ЛЕВ СОНИН ПАВЛОВСКИЙ ПЛЕННИК

ЛЕВ СОНИН

ПАВЛОВСКИЙ ПЛЕННИК

Шестнадцатое ноября тысяча девятьсот семнадцатого года. Вечереет. В стылом предзимье примолкла южноуральская степь. Только неутихающий ветер гоняет по бескрайней степи ажурные шары перекати-поля.

Дорога к северо-западу от Оренбурга. Еще совсем недавно на ней царила липкая осенняя мокреть. Но к середине месяца первые морозы, посеребрив ржавую стерню, вытвердили хляби. Колдобины затянуло хрусткими ледяными корочками, поблескивающими на предзакатном солнце.

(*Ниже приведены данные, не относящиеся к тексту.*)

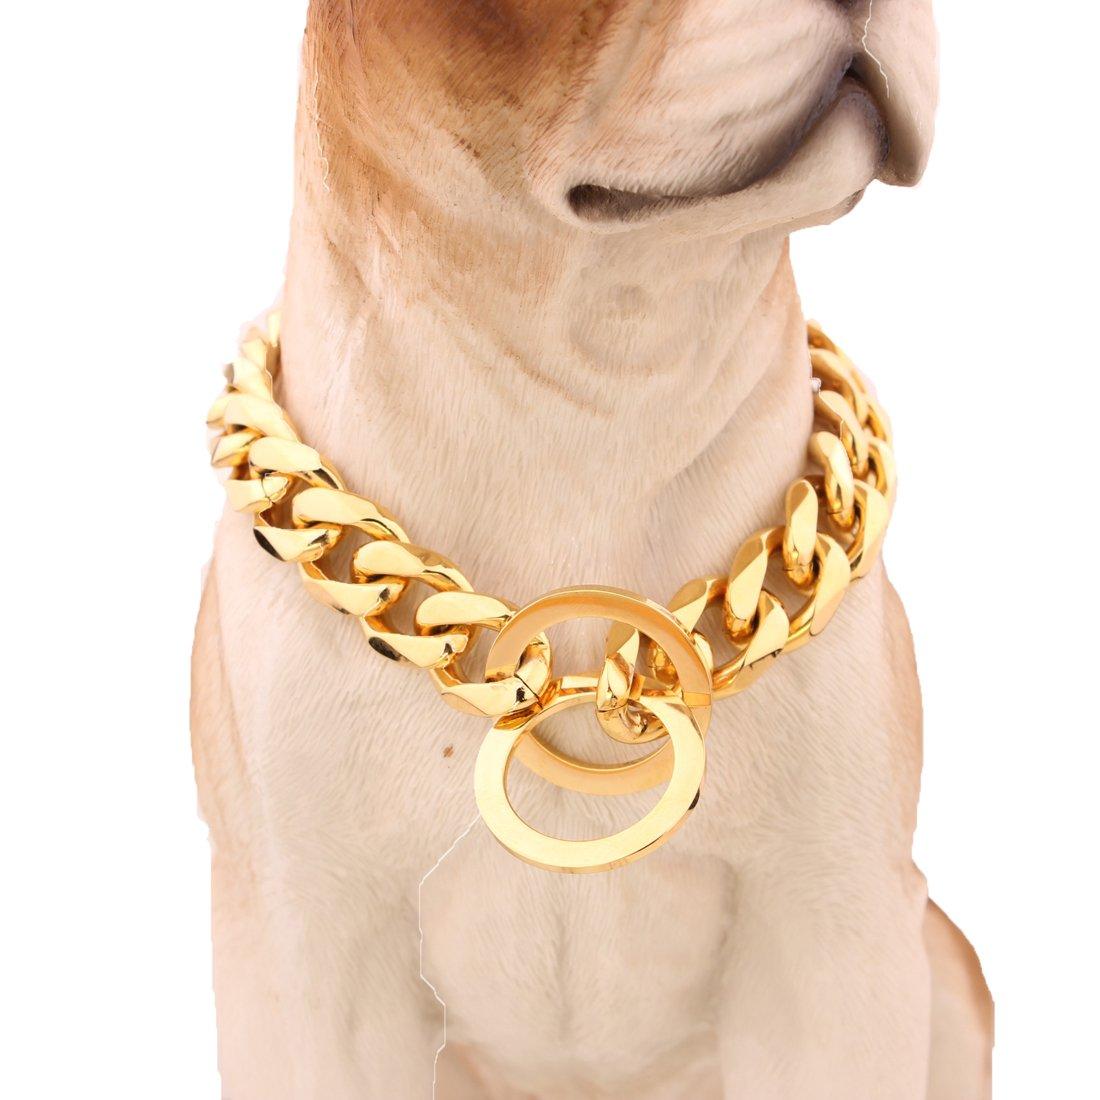 MCSAYS 15mm Largo Hip Hop Tono dorato Curb Cuban Link Acciaio inossidabile 316L Dog Choke Collare a catena 16-34(18 pollici)

Вверх, вниз прыгают колеса автомобиля. Машина вздрагивает. В ней четверо. Рядом с шофером сидит крупноскулый офицер. Сзади — казак с широченной бородой. Они конвоируют четвертого, который полулежит, скрючившись в левом заднем углу. То — арестованный по приказу атамана Дутова Самуил Цвиллинг, назначенный Советским правительством комиссаром Оренбургской губернии. Он сильно избит. Пришел в сознание, когда от Оренбурга отъехали верст пятнадцать. Первое, что подумал: куда везут?

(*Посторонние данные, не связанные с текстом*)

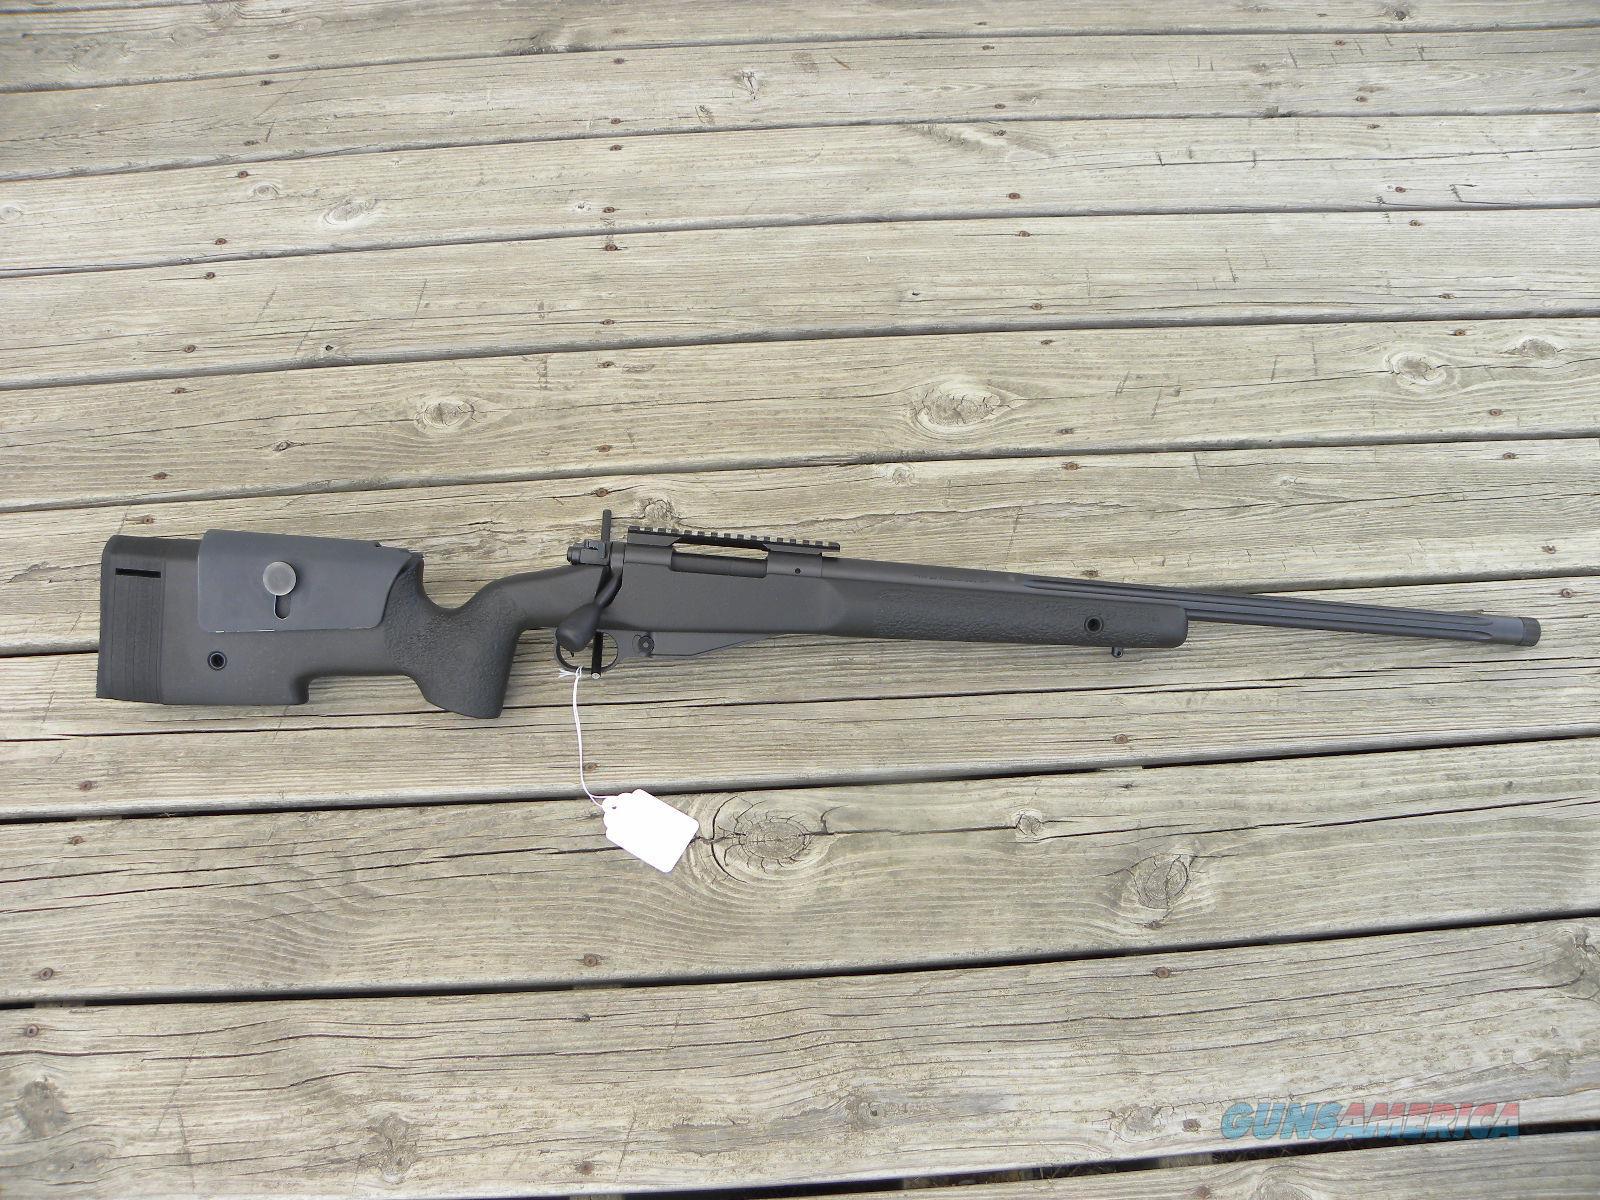 "NIB FNH SPR A5m XP .308 24"" 75638 .71MOA  Guns > Rifles > FNH - Fabrique Nationale (FN) Rifles > Bolt action > Tactical"

После того как свора юнкеров топтала и рвала его тело в ночь ареста, Цвиллинг вторые сутки ничего не помнил. Представления о действительности у него кончились на ощущении омерзительной руки юнкера, шарившей в кармане, где хранился мандат.

Запомнился и вскрик:

— Смотрите, господин поручик!

Потом офицерское:

— Так вот она, новая власть!

Потом тычок — в зубы, удар в голову сзади…

…Его поставили перед главарями налетчиков — эсером Капашидзе и меньшевиком Слезкиным. Кто-то из них, он даже не мог различить кто, говорил, сочувственно говорил, сволочь:

— Ай-ай! Да у вас голова вся в крови. Господин поручик, прикажите, пожалуйста, послать в аптеку за лекарством и бинтом для гражданина Цвиллинга…

Кто-то его поддерживал…

В глазах стоял Лелька — трехлетний сын, беспрестанная радость. Несколько раз виделся ему тогда…

…Потом слова Дутова:

— Этого больше не трогать!

Вот и все, что смог вспомнить Цвиллинг…

«Так где я?» — думал он. Медленно повел головой. Блеск офицерского погона. Наган в руке конвоира.

— Куда едем? — собравшись с силами, прошептал Цвиллинг.

— В станицу Павловскую, — соизволил снизойти офицер. Ему, видимо, просто надоело молчать. — По приказу господина атамана двадцать пять комиссариков развозим по станицам. Вас — в Павловскую.

Это было неожиданно и непонятно.

«К казакам. Для чего Дутову посылать большевика к казакам? — думал Цвиллинг. — Боится расстрелять открыто в своей столице? А в станице надеется вызвать самосуд?»

Цвиллинг знал, что силы атамана в губернском городе не так уж и велики. Всего около семи тысяч сабель и штыков. Солдатский гарнизон Оренбурга — около двадцати пяти тысяч человек — больше сочувствовал большевикам. Знал и то, что в Бузулуке чрезвычайный комиссар Кобозев стягивал красные войска. А Бузулук — это продовольствие для Оренбурга. Знал о всеобщей забастовке оренбургских рабочих в поддержку арестованных ранее большевиков.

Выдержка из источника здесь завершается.